> **About this exercise**
Using the data that follows, output only the lines from the line with "Jewel Instruments 0520-28AJ" up to and including the line with "Trees: assembled", exactly, leaving pictures aside.

> **Given records**
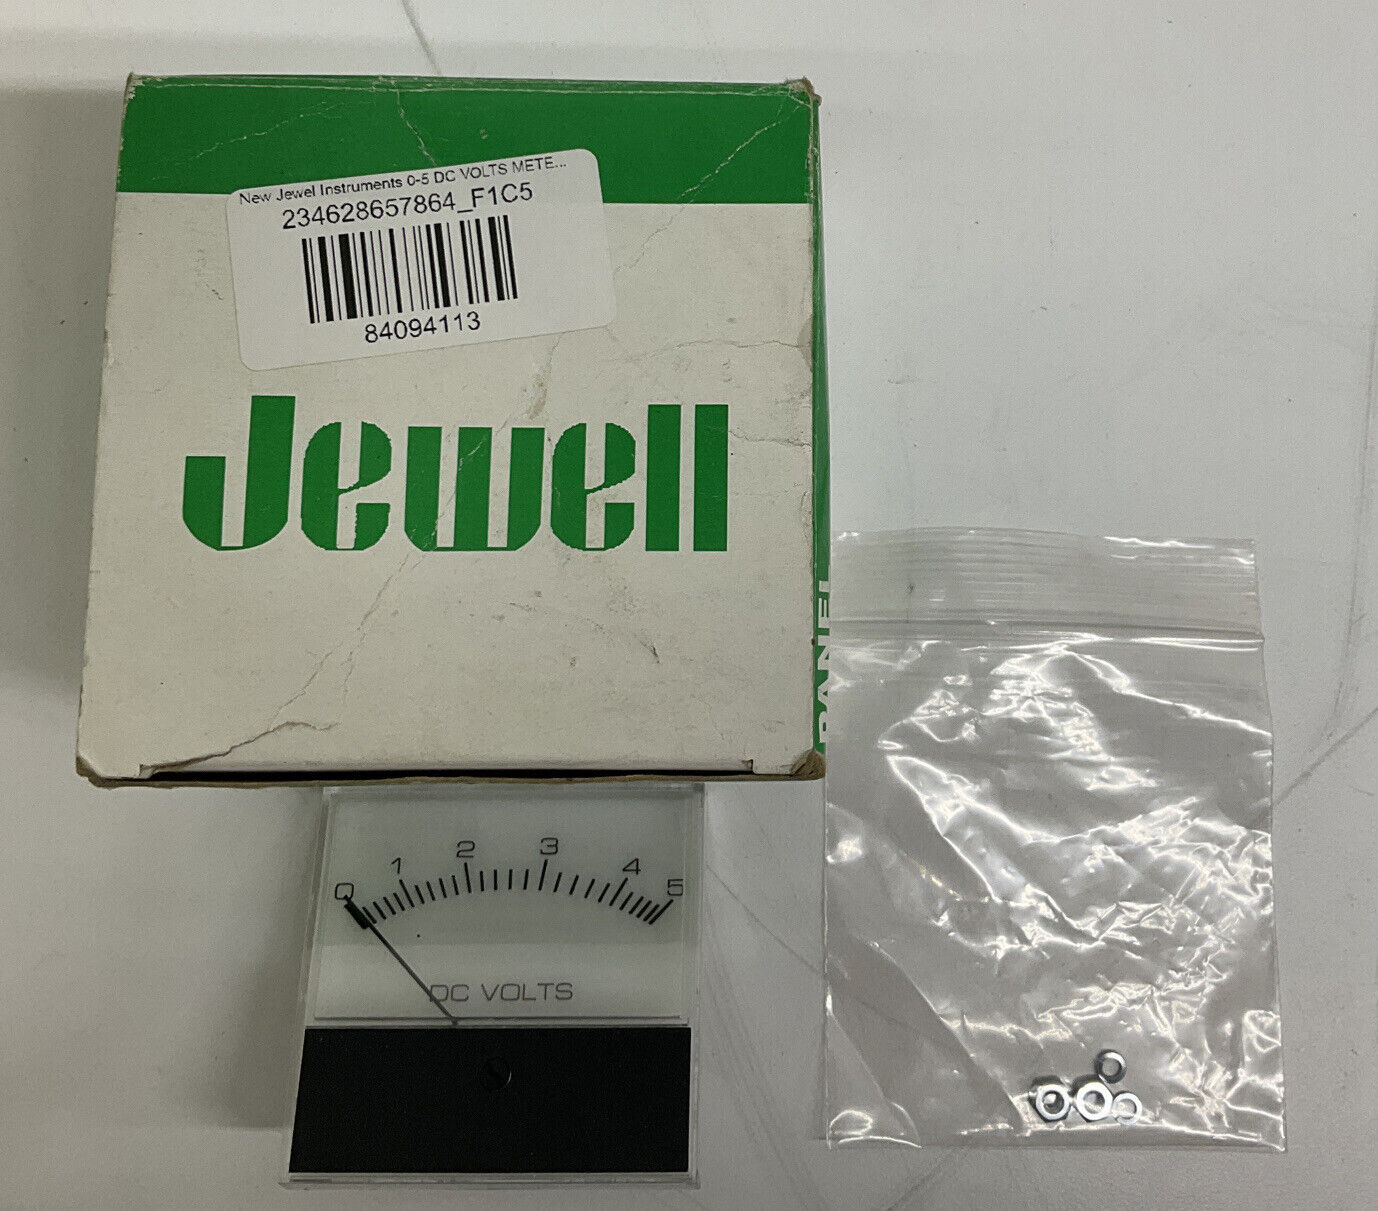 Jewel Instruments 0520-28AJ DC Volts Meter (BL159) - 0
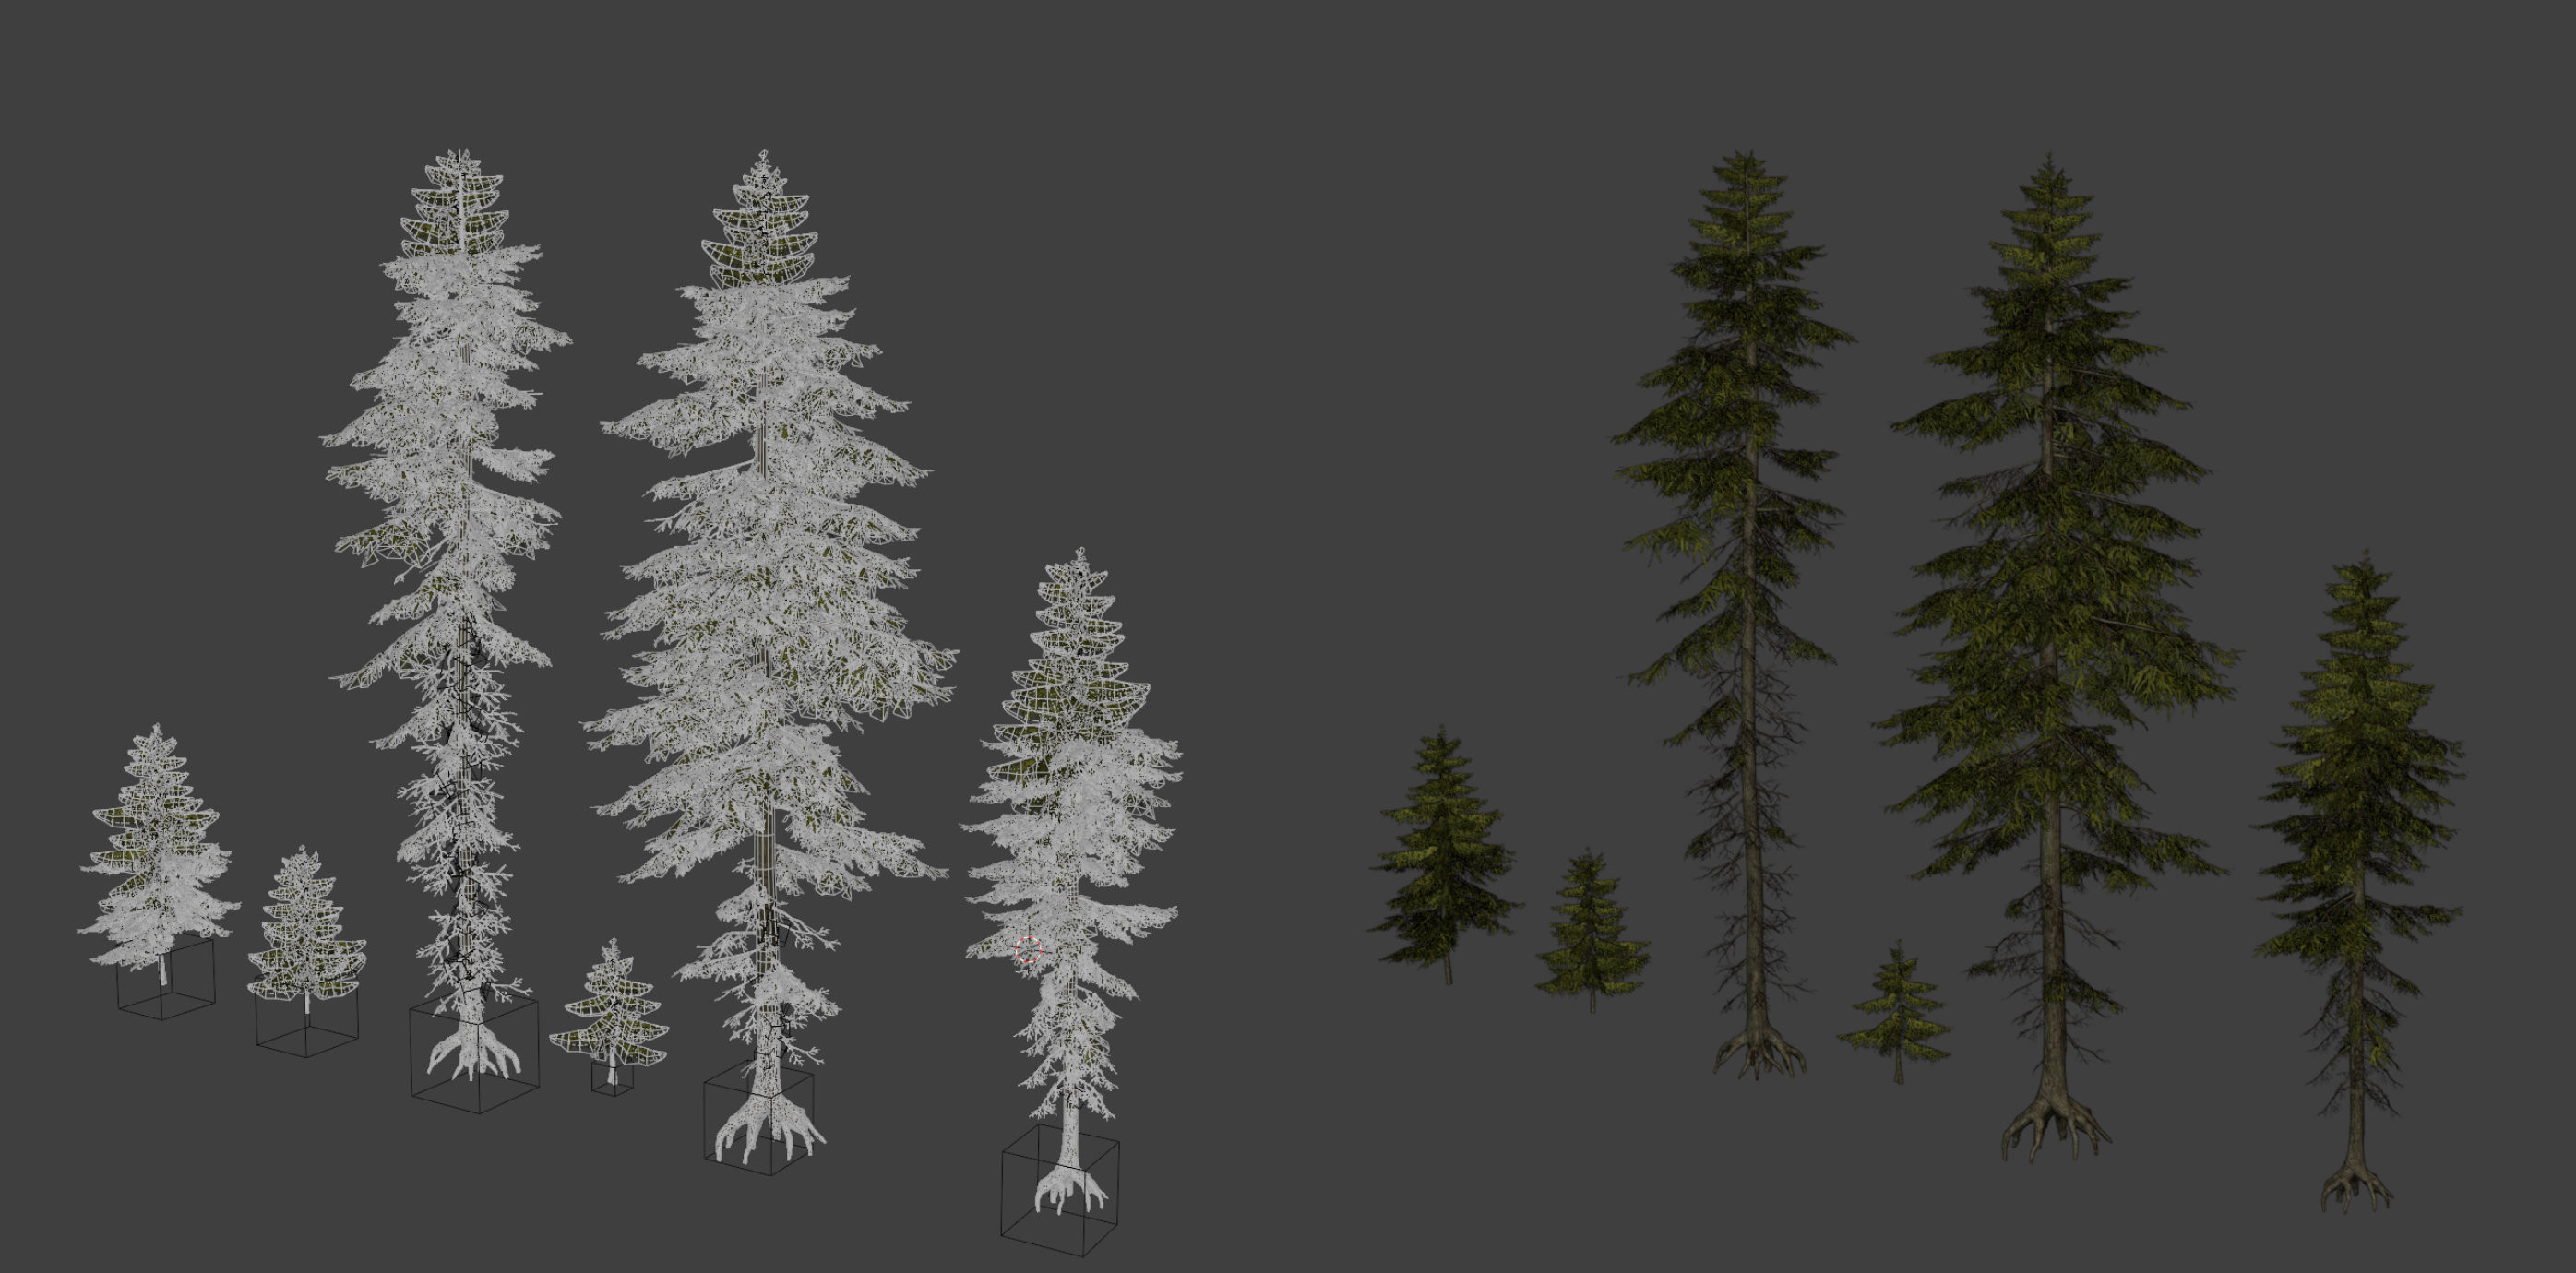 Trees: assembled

...

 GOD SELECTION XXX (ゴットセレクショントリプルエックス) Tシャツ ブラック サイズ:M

> **Solution for this exercise**
 Jewel Instruments 0520-28AJ DC Volts Meter (BL159) - 0
 Trees: assembled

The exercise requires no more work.